» **TASK DESCRIPTION**
Look through the records below for the line holding "Un Colorido Arreglo". Write it out exactly, with each following line through the line holding "Photo of La".

» **DATA FOR THIS TASK**
◆ ◆ ◆ ◆ ◆
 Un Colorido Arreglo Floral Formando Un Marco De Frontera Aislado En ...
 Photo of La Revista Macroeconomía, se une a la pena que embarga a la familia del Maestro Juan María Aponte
◆ ◆ ◆ ◆ ◆
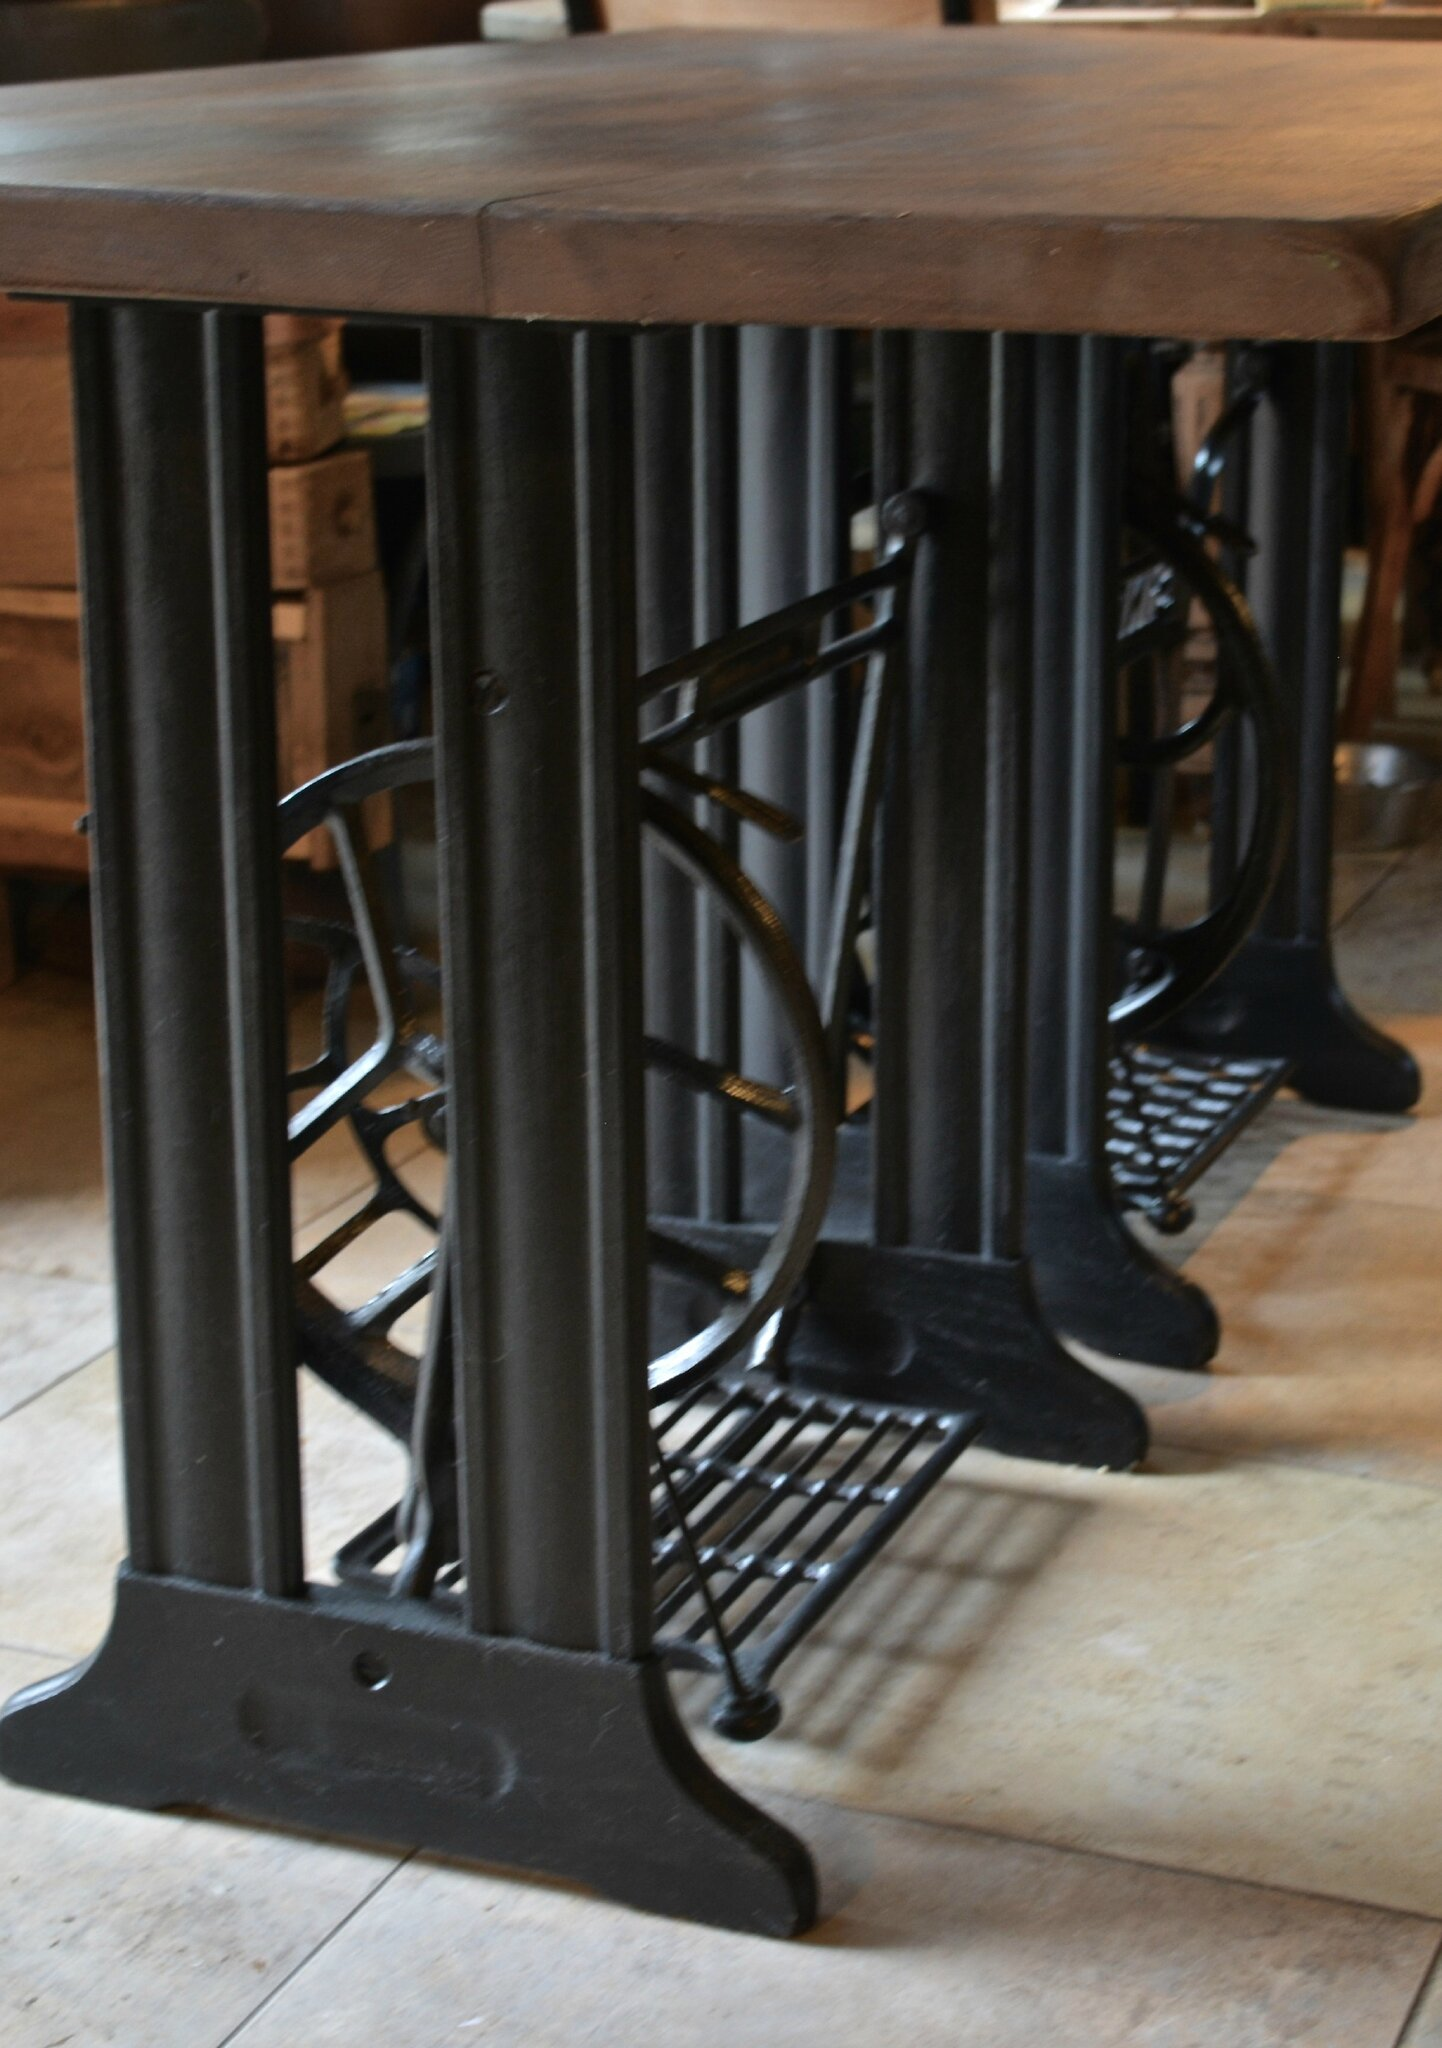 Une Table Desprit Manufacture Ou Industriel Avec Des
◆ ◆ ◆ ◆ ◆
» **WRITTEN SOLUTION**
 Un Colorido Arreglo Floral Formando Un Marco De Frontera Aislado En ...
 Photo of La Revista Macroeconomía, se une a la pena que embarga a la familia del Maestro Juan María Aponte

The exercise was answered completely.